Many, many years ago I was in the “I don’t want women/PoC/minorities quotas in Tech. That’s not needed. After all, this is a meritocracy, so if you’re good at programming that’s all that counts”.

Boy was I wrong…

It’s a meritocracy if you don’t feel attacked. If you feel safe. If you can be yourself. If you don’t have to waste that much time/energy pretending to be a different person. If you don’t hate going to the bathroom and finding someone else inside.

Let me explain this with a personal example. I’m getting older. I’ll be 47 soon. I see all these “dynamic and young teams with added emoji” job offers and cringe. Will I be accepted there? My hair (well, the remains of it) is gray now. Should I pretend to be “younger”? Get a hair implant? Shave it and go full The-Rock-but-without-any-of-the-muscle? Lose weight? (I know, good for my health but in this case just to look fit). Trendy outfits?

No, I’ll look ridicuous pretending to be in my 20s. But then, will I get the job? Will they fire me? Will they think this old dog can’t learn new tricks?

Also, I’m no native English speaker. Is there any bias against people that systematically butcher English every other day? I’m Spaniard. More bias? I tell terrible Dad jokes. Also pretty bad at foosball or ping-pong…

Get the idea?
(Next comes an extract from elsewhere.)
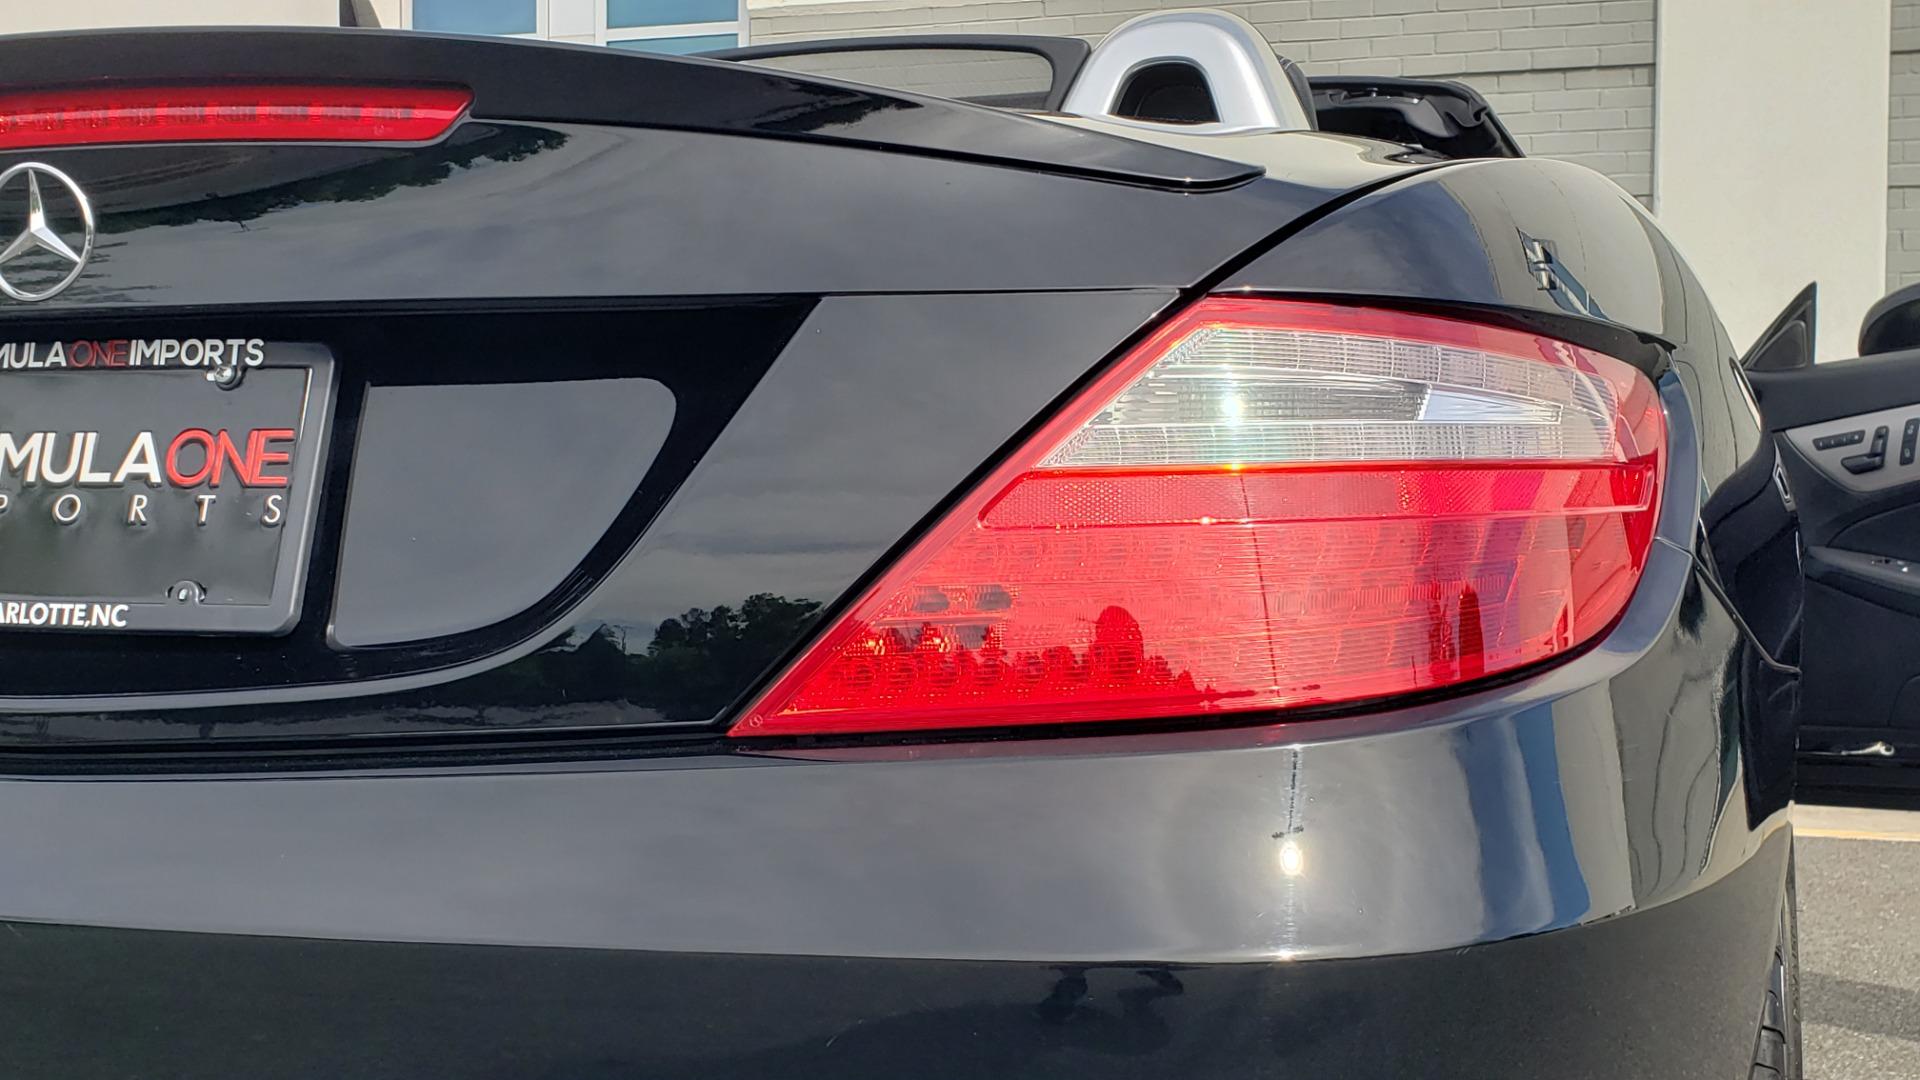 Used 2012 Mercedes-Benz SLK-CLASS SLK 250 ROADSTER / PREM 1 PKG / COMAND LAUNCH PKG / 7-SPD AUTO for sale $24,995 at Formula Imports in Charlotte NC 28227 51

You have the right to be you and nobody should think differently of you because of how you look, or who you are.

Of course, bias is a natural way of cataloging people. You have predefined mental ideas of what a programmer should be, stereotypes about people from different cultures. I find this natural: you need some way to manage complexity. But don’t let that bias affect you: every time you meet someone outside your “social comfort zone”, observe your mind. Be mindful. Correct your views. Be a better person.

And no, I don’t pretend to be an Ally, or someone cool. Think harder, and you’ll find someone is also excluding you for some reason. Then don’t be that person.